Julia Lee
Julie Lee

US

Better than expected results from Citigroup, JP Morgan and Wells Fargo initially saw the US stockmarket off to a good start this week. The White House moved to drop its veto against the housing bill. In the case that things do get worse for Fannie and/or Freddie, the Treasury will need the power to bail them out before Congress goes to recess in September.

Existing home sales fell in June, down 16% compared to a year earlier, to its lowest point in a decade. Resales were down 2.6% and the median home price dropped by 6.1% when compared to last year. These numbers indicate that the US housing market has not yet bottomed out. As long as house prices are continuing to go down, noone can say how much the banks are going to lose and how long the downturn is going to last.

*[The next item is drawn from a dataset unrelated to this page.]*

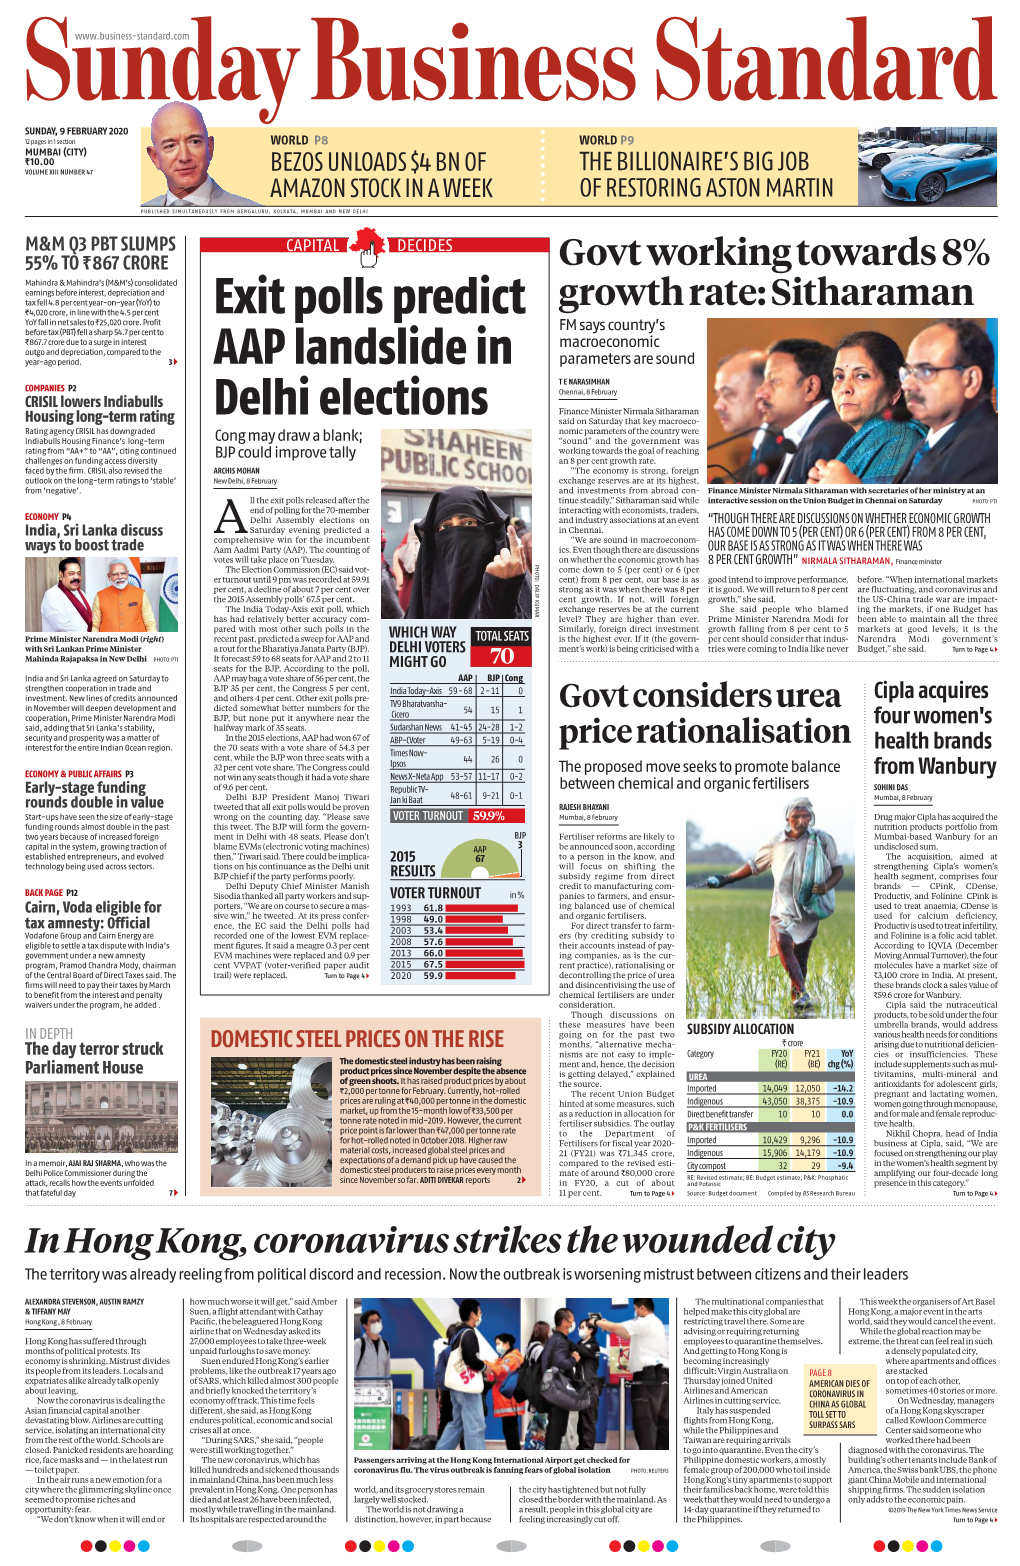 Exit Polls Predict AAP Landslide in Delhi Elections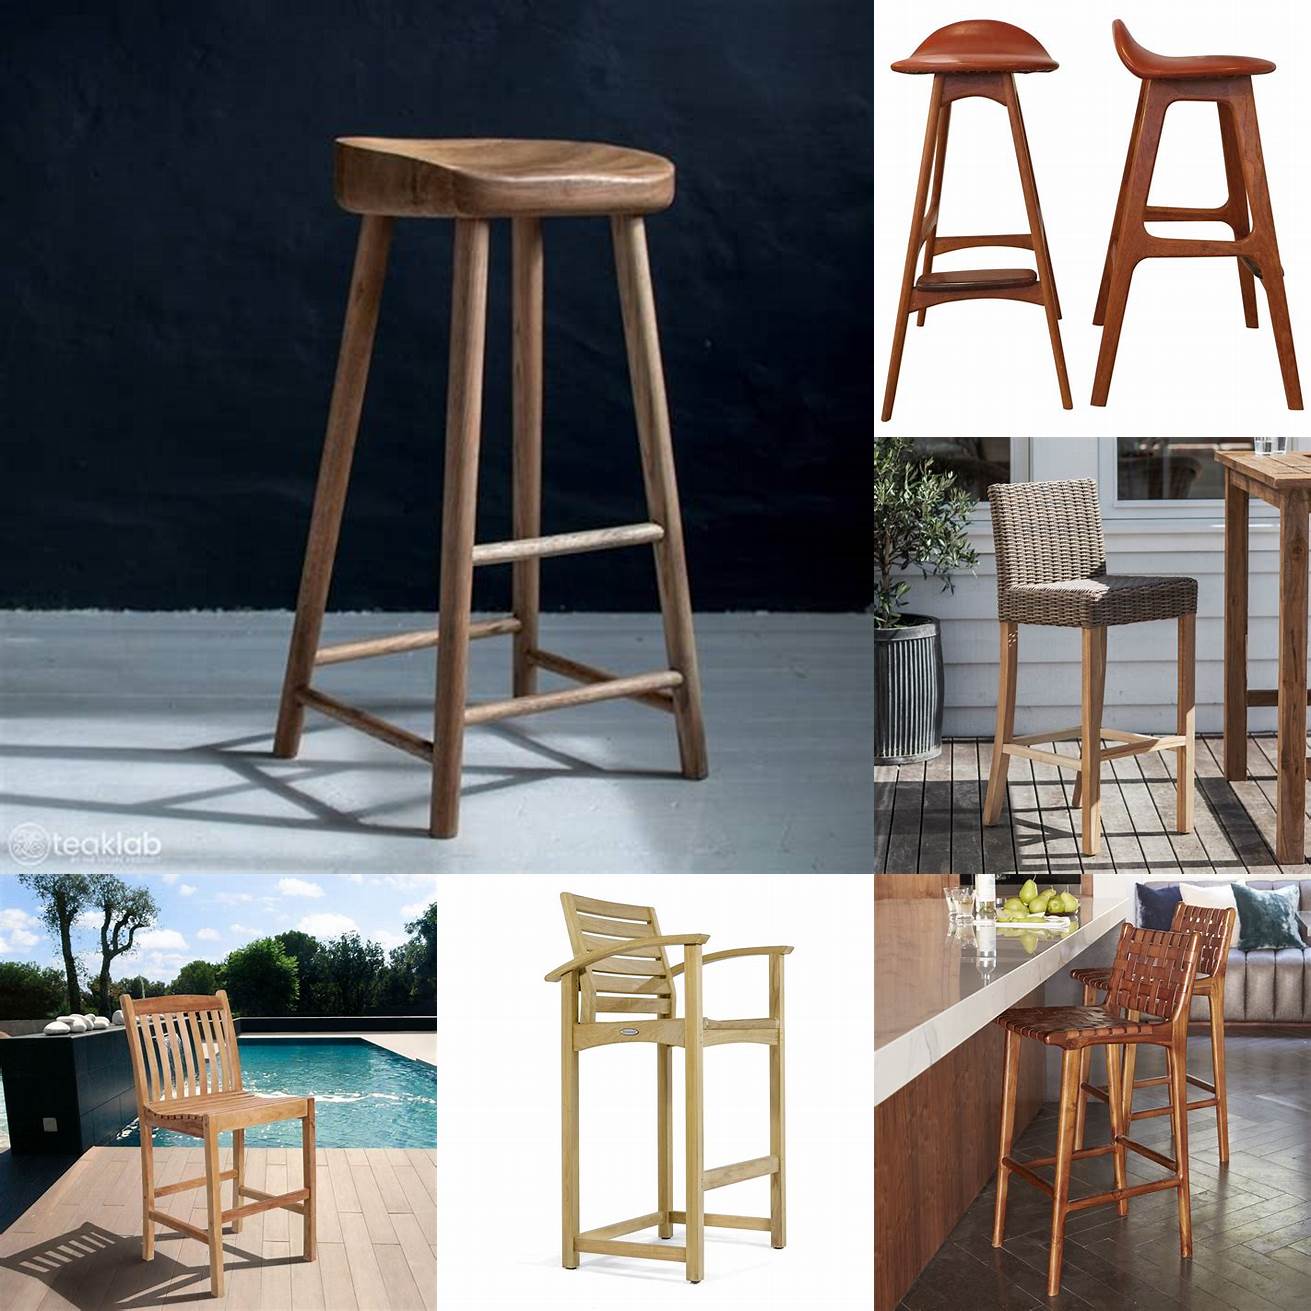 A teak wood bar stool

A consequence of the very high oil prices this year, is that automakers have remained under pressure. Ford announced the biggest quarterly loss ever with an $8.7 billion loss recorded for the 2nd quarter.

Asia Pacific

The Reserve Bank of New Zealand unexpectedly lowered interest rates for the first time in 5 years as growth concerns outweighed inflation concerns and signaled that more rate cuts may be on the cards. Official interest rates in New Zealand fell from 8.25% to 8%.

Inflation in Australia accelerated in the 2nd quarter by 1.5% up to 4.5%. Despite the rise in consumer inflation, the Reserve Bank has indicated that rates will likely remain on hold with a slowdown in the domestic economy expected to drive down inflation.

UK

In England, we’ve seen retail sales plunge down to multi decade lows with the sharpest drop in the numbers in 22 months. Retail sales in June were down 3.9% as fears of a recession saw consumers cut back on spending.

The hawkish stance of the European central bank was put to the test this week with very, very weak Eurozone data filtering through. German business confidence plunged below the 100 point mark as measured by the IFO index. This is the weakest reading in 3 years.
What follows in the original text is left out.